I love romances as much as the next person (perhaps even a little more ... I’m a total sap), but I’m decidedly unenthused about the most popular romance in theaters right now. As a disabled person, I really can’t stand "Me Before You." In my opinion, and in the opinion of much of the disabled community, the film spreads some really harmful misconceptions about life with a disability. In an effort to undo some of the damage caused by this film, I’m here to bust some common myths about disability. (Spoiler warning for "Me Before You," by the way!)
Myth 1: Having a disability means you can’t have fulfilling, meaningful relationships.
I assure you that this is not the case. I’m lucky to be surrounded by wonderful friends and family who support me in all areas of my life – health related or not. My experiences with my loved ones are not marked by pity and discomfort, but by lots of love and dumb jokes. I have a friend who has woken up at 7 a.m. on a Saturday to come to the hospital with me while I got IV fluids on multiple occasions. I take my mobility scooter to go out for ice cream with my friends, and no one bats an eye. My friends fill my life with joy and laughter, and I hope they can say the same about me. Having a disability doesn’t prevent me from loving people and being loved in return. (Yes, this rule applies to romantic relationships too. I took my mobility scooter to a first date and left with a phone number. Dating is still possible!)

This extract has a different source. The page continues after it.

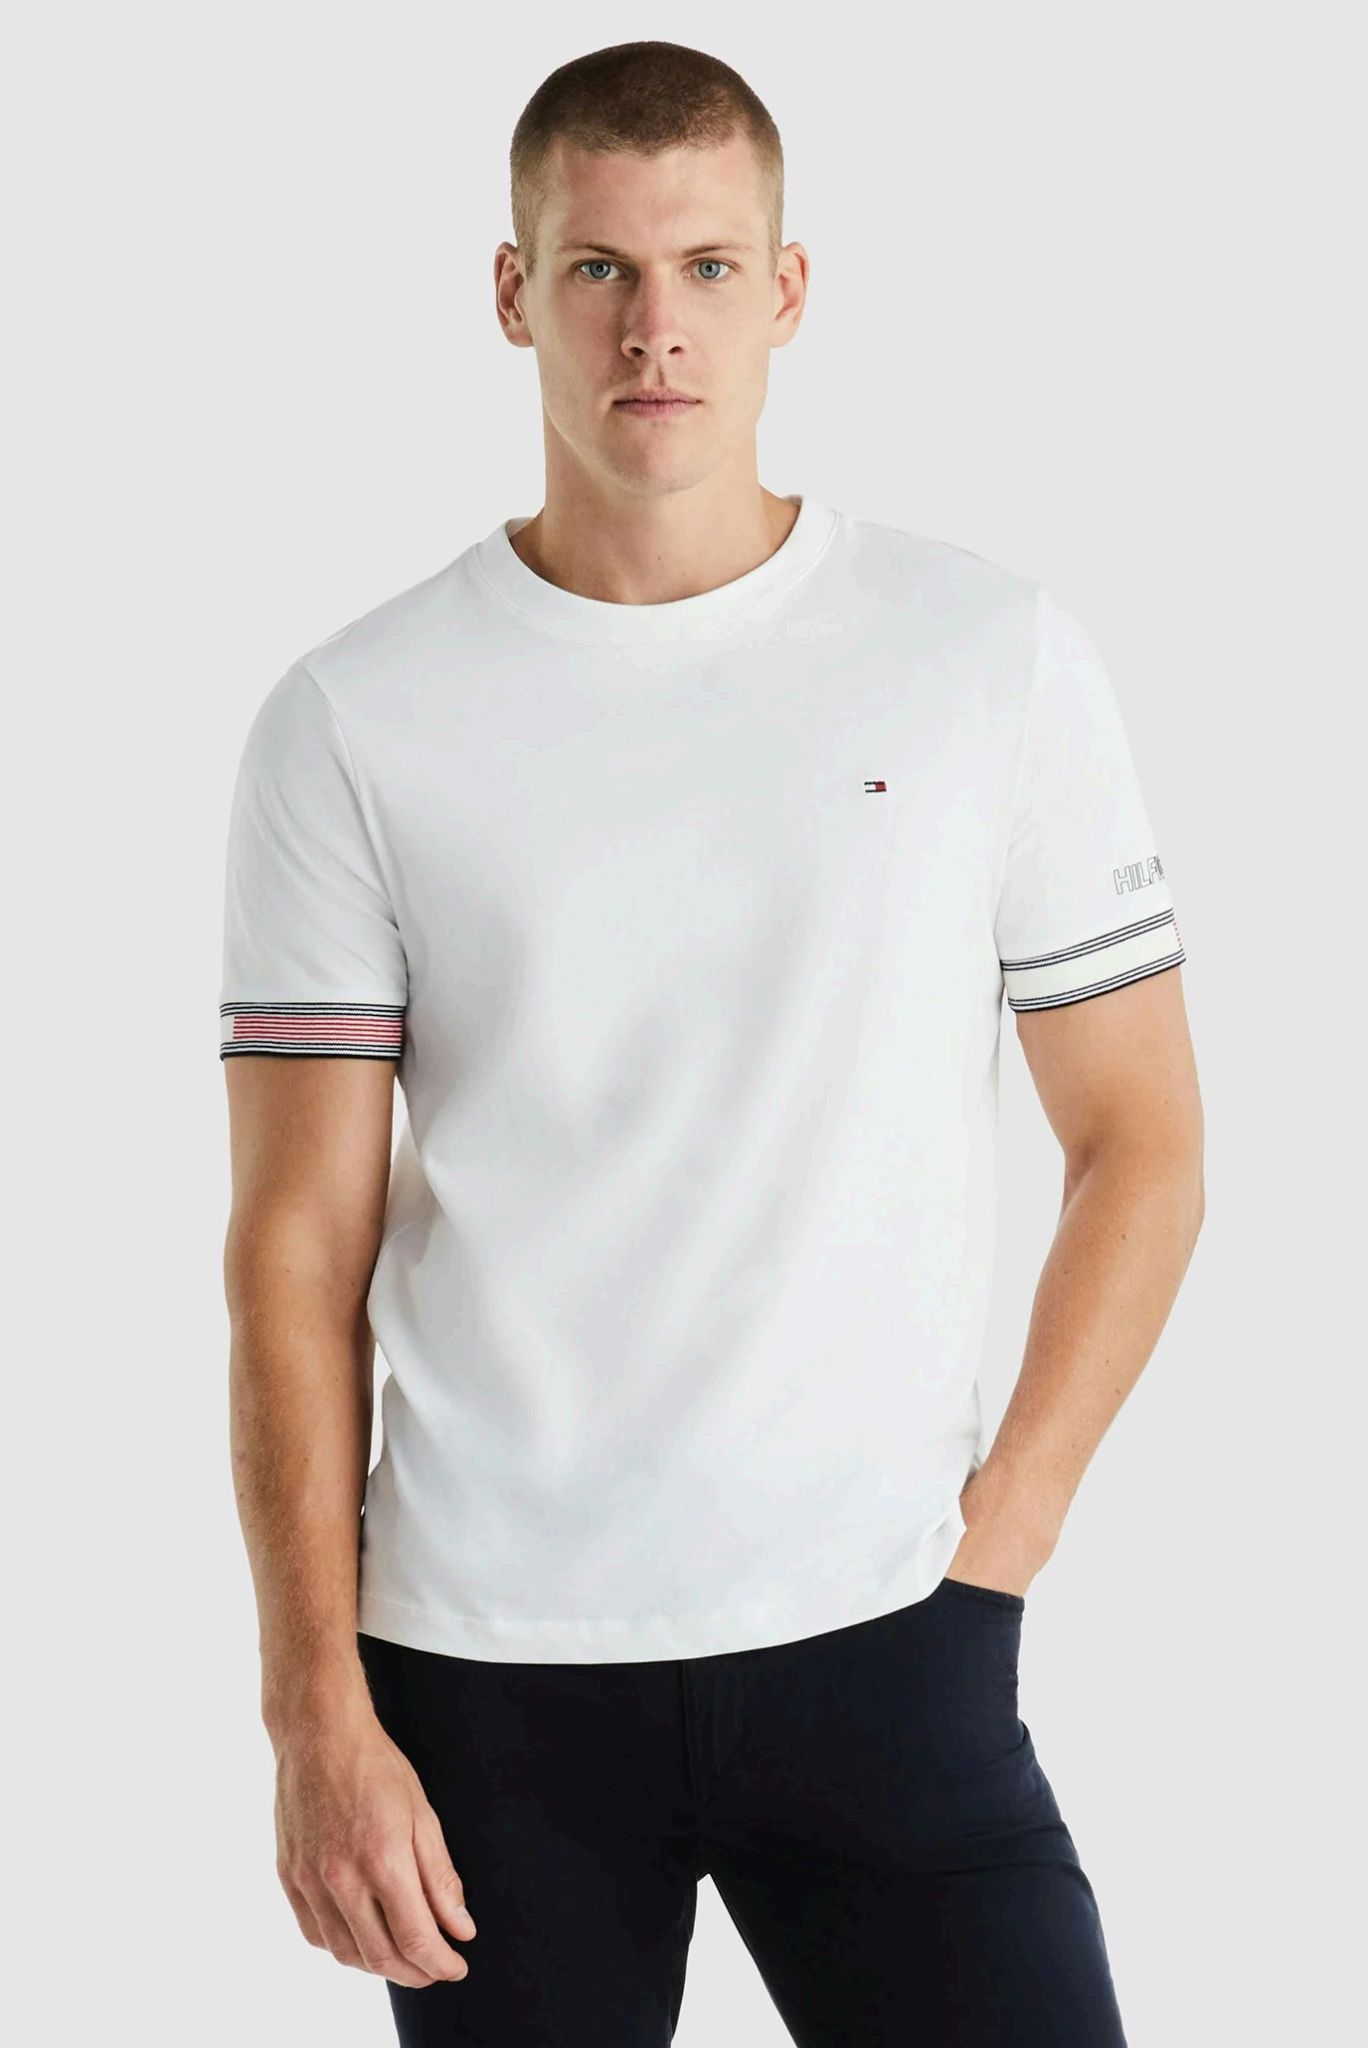 Чоловічі футболки Tommy Hilfiger: поєднання стилю і комфорту

Myth 2: Having a disability means you’re bound to be a poor friend/romantic partner
"Me Before You" seems to imply that Will’s choice to end his life is courageous and loving, that leaving Louisa is what’s best for her. Will is freeing her from the burden of being involved with a person in a wheelchair and allowing her to find someone who will be able to provide what he cannot. I feel like the issue with this argument is pretty obvious: disabled people aren’t a burden, and to suggest so is kind of awful. When we fall in love, romantically or platonically, we fall in love with the whole person. Sometimes disability is part of that package, and it doesn’t make that person an encumbrance. If someone feels that it does, it probably wasn’t love in the first place.
Myth 3: Having a disability means a life of misery and tragedy
My life is not a tragedy. I’m extremely blessed; I have a fantastic family, great friends, and the opportunity for an education. The vast majority of the time, I’m really happy. I’m not saying I’m never sad, but when I am, it’s usually not related to my disability — maybe I got in a fight with my mom or embarrassed myself in public or missed mac and cheese day at the dining hall. Sure, I sometimes do get down about being sick or feeling limited, but that’s doesn’t color my view of my entire life. Would I gladly accept a cure to my illness? Absolutely! I’d be thrilled! But do I spend my days actively yearning for one? Not at all.
Myth 4: You’re not the same person after you become disabled
Throughout the film, Will talks about wanting to be his “old self,” as if the person he is after his accident isn’t the person he was before. In some ways, this message isn’t entirely untrue. Since I’ve gotten sick, I’ve become much more invested in activism. I’ve paid more attention to less physically demanding hobbies, like writing. I’m better at managing my time and laughing when things go wrong. So yeah, having a disability has changed me in some (pretty positive) ways. But I’m still me. Just because I have significantly limited energy and can't walk long distances doesn’t mean I’m not the person I was before. I’m still quirky and goofy. I still love animals, superheroes, and theatre. I still haven’t mastered the art of keeping my mouth shut when I need to. I’m still me. People change and evolve throughout their lives, but I didn’t lose myself after I got sick.
Myth 5: Assisted suicide is definitely the answer to feeling unable to cope with a disability
While everything I’ve said above is true of my life, I can’t speak for every disabled person on the planet. I’m sure that some people do feel really depressed and hopeless about the prospect of life with a disability. However, we should approach that issue the way we always do: by treating the source of those feelings rather than acting on them. I’m going to try not to get up on my disability rights soapbox here, but maybe someone is miserable because they don’t have access to the necessary medication or assistive technology. Maybe they can’t get a job because of employment discrimination. Maybe they’re just frightened and sad and confused. Whether it’s a mobility aid or mental health counseling, there are plenty of ways to cope with a disability that don’t end in suicide.
Hollywood has been selling us this narrative about disability for decades, and they're selling us a lie. Contrary to what "Me Before You" would have you believe, life with a disability can still be fulfilling and joyful. The hashtag #LiveBoldly has been circulating in an effort to promote the film, but I don't think the film fully understands what that means. It's not bold to buy into the same old tired tropes of the miserable, embittered wheelchair user or to suggest that disabled lives aren't worth living. Challenging the common stereotypes and misconceptions about disability, however, is.